_INFORMATION SUPPLIED_:
---------------

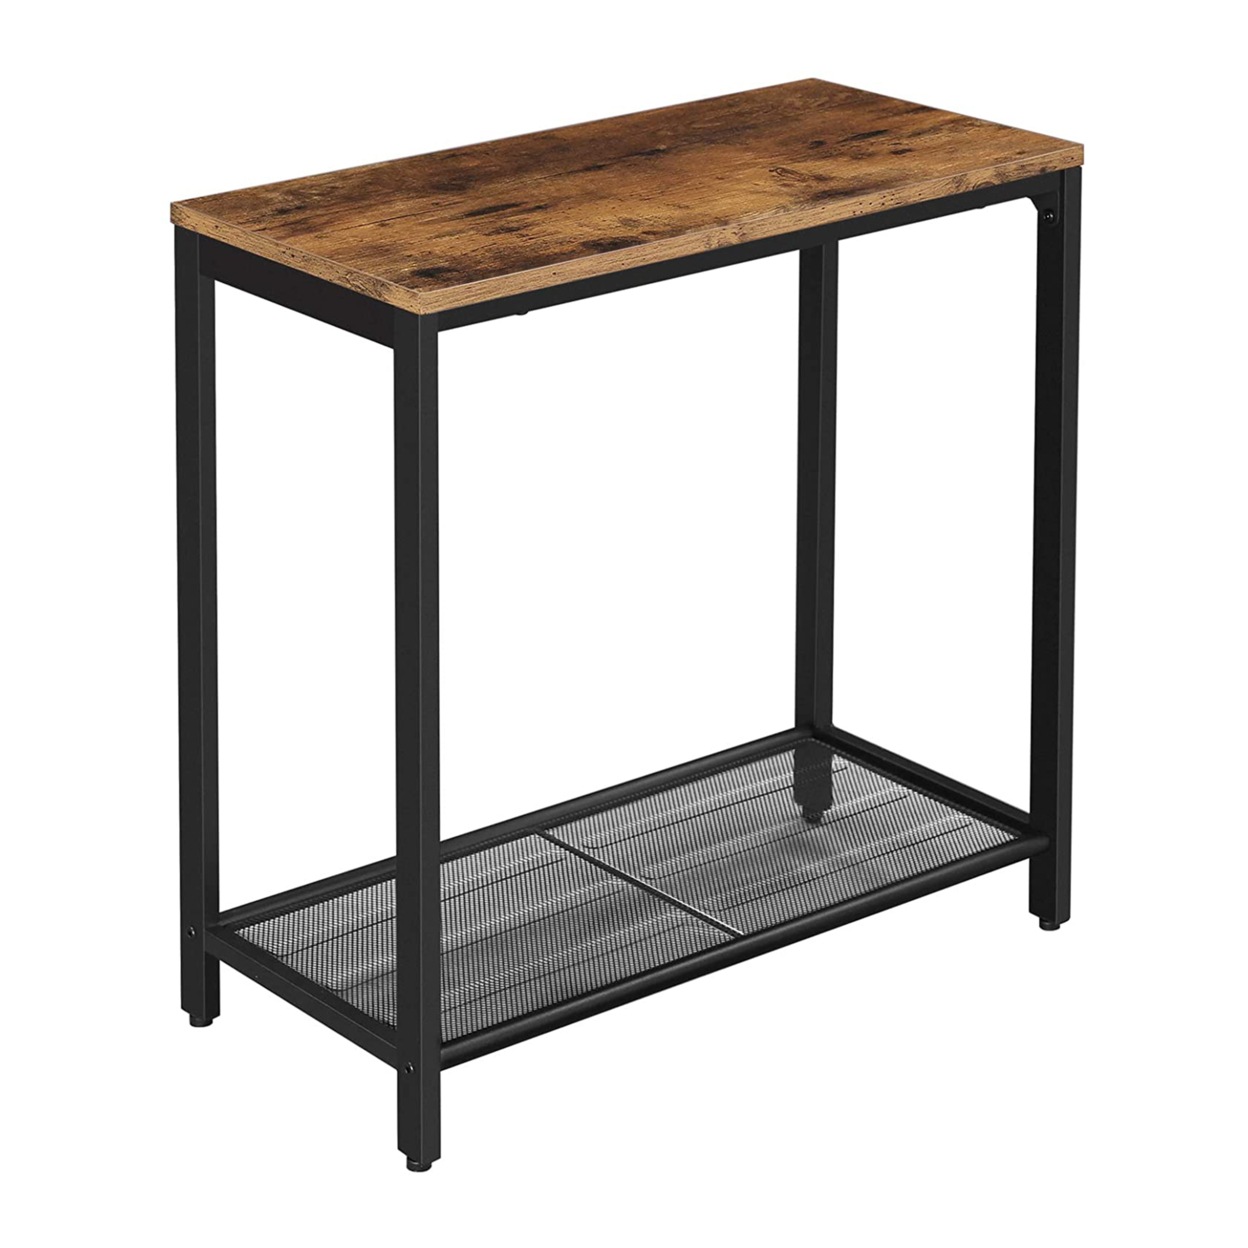 24 Inch Industrial End Table, Wood, Metal Frame, Mesh Shelf, Brown, Black- Saltoro Sherpi
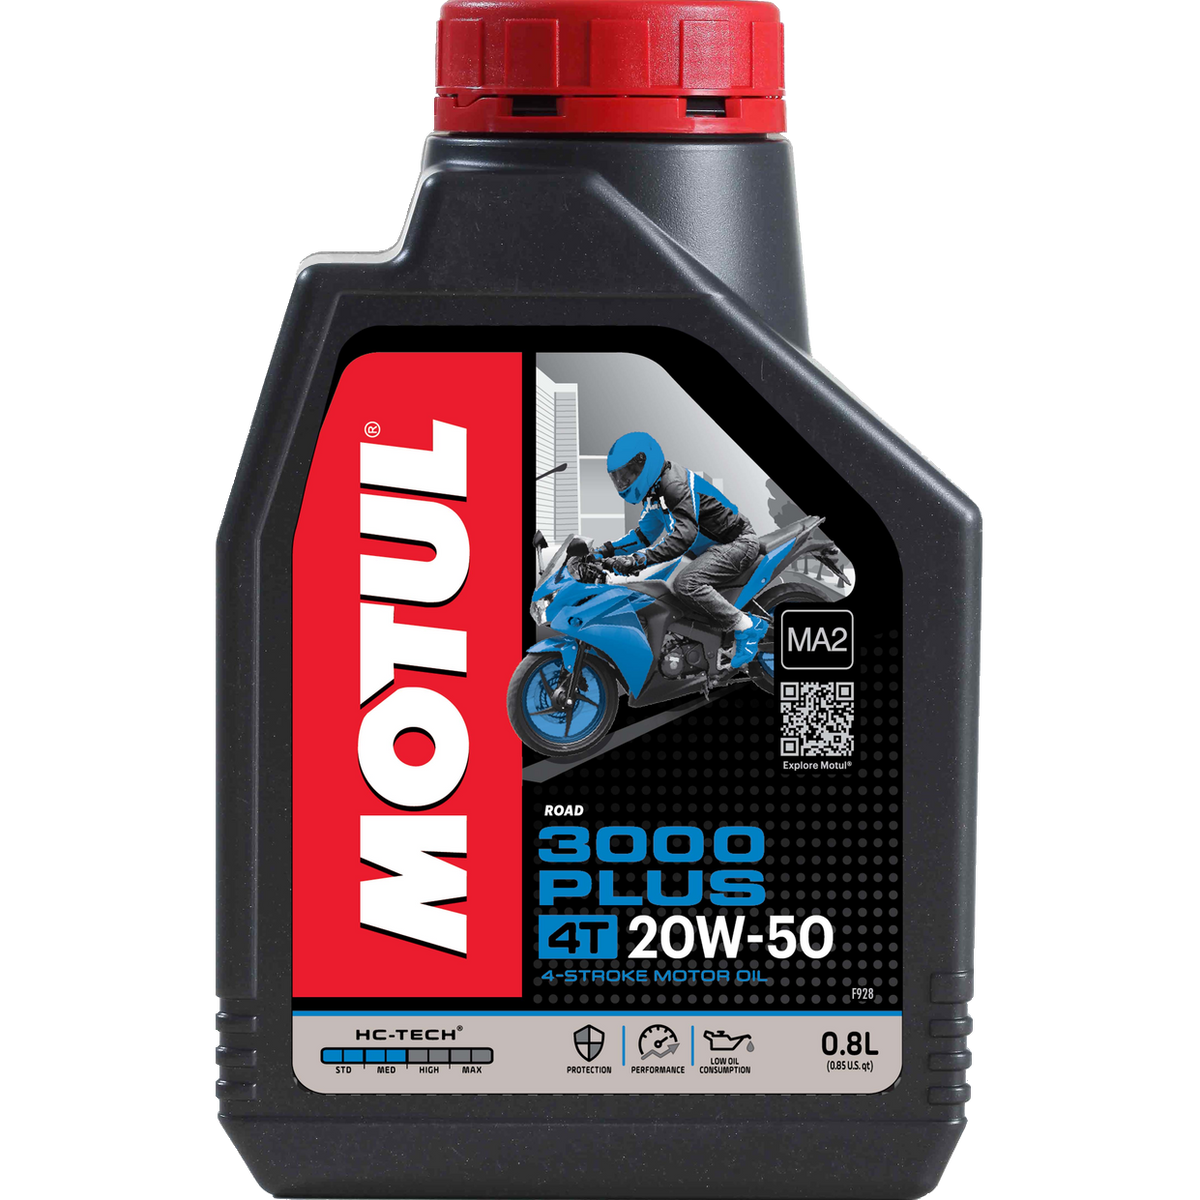 Motul 3000 Plus Mineral 20W50 4T 1L Bottle – Ural Japan Online Shop
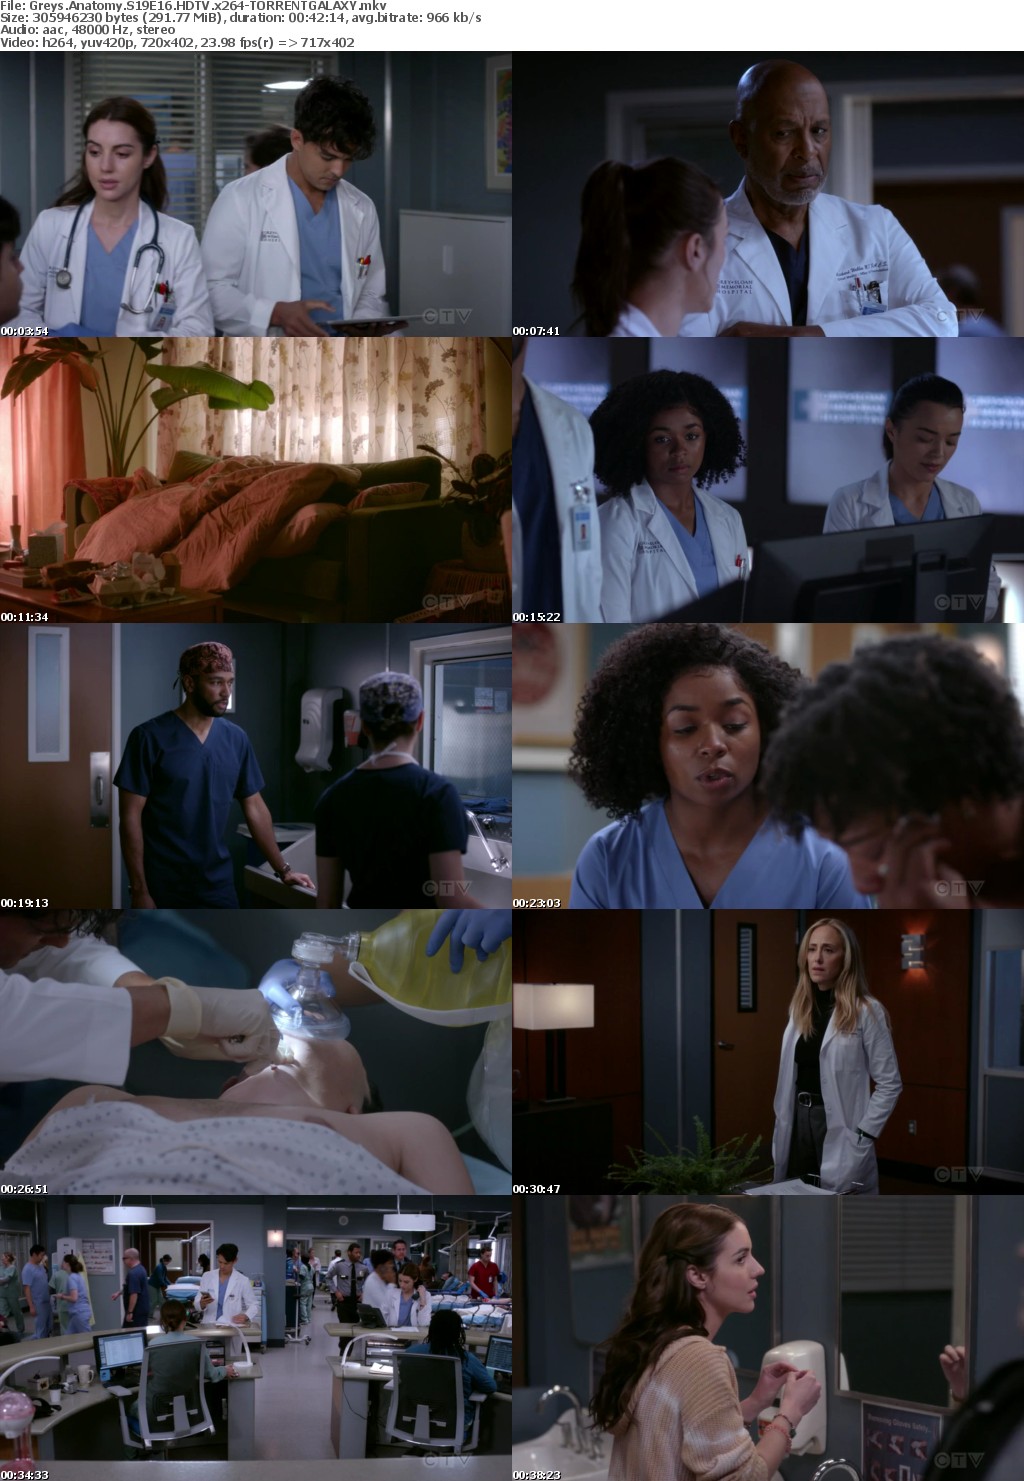 Greys Anatomy S19E16 HDTV x264-GALAXY
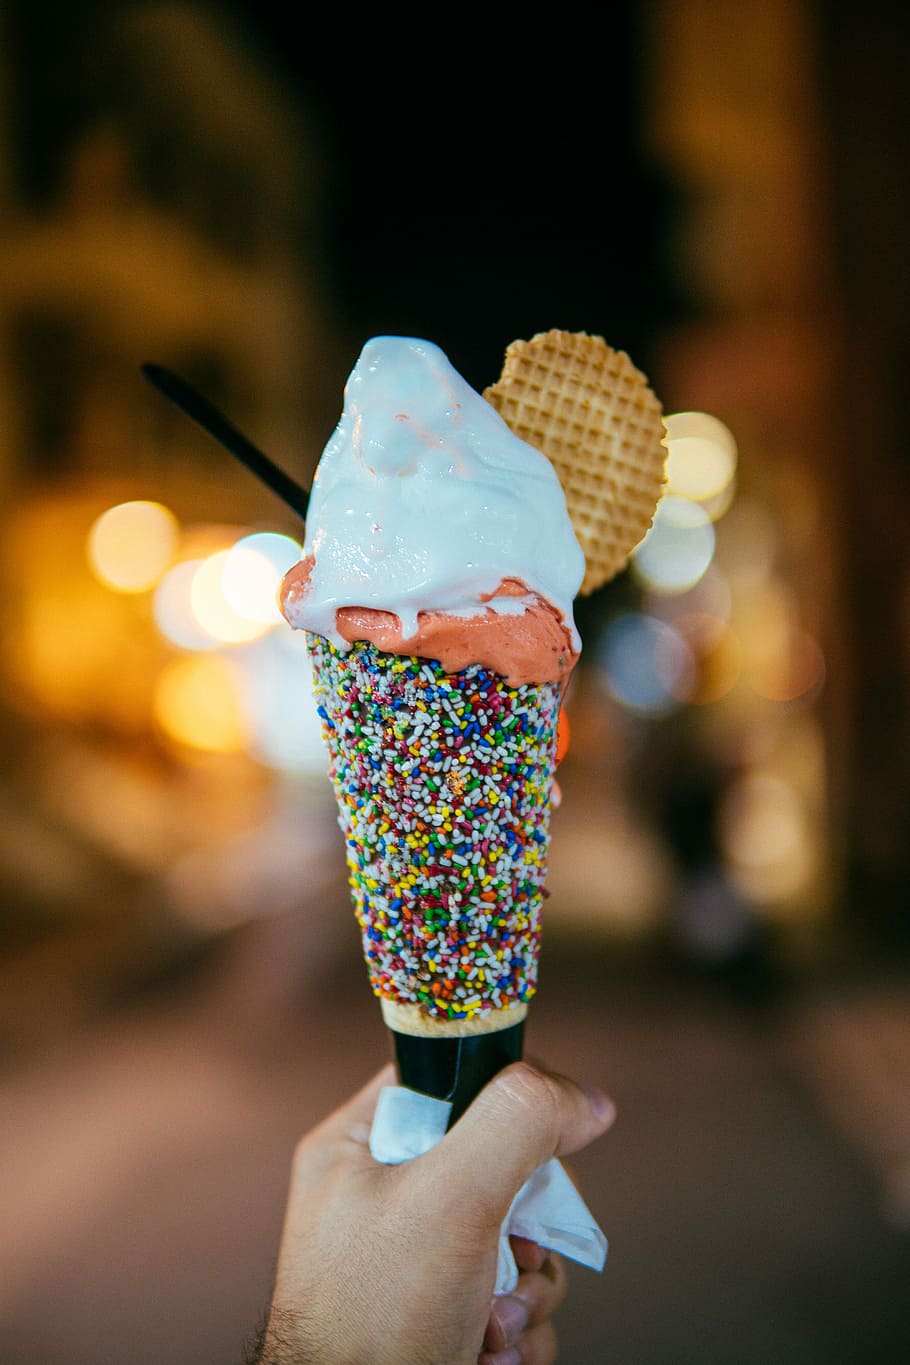 person holding multicolored sprinkled ice cream cone with vanilla flavored ice cream, focused photo of a white ice cream with cone

---------------

_WORK INSTRUCTIONS_:
Only the lines from the one with "Greys Anatomy S19E16 HDTV x264-GALAXY" to the end of the listing, both ends included, should be retyped exactly; no pictures belong in the copy.

_ANSWER FOR THIS EXERCISE_:
 Greys Anatomy S19E16 HDTV x264-GALAXY
 person holding multicolored sprinkled ice cream cone with vanilla flavored ice cream, focused photo of a white ice cream with cone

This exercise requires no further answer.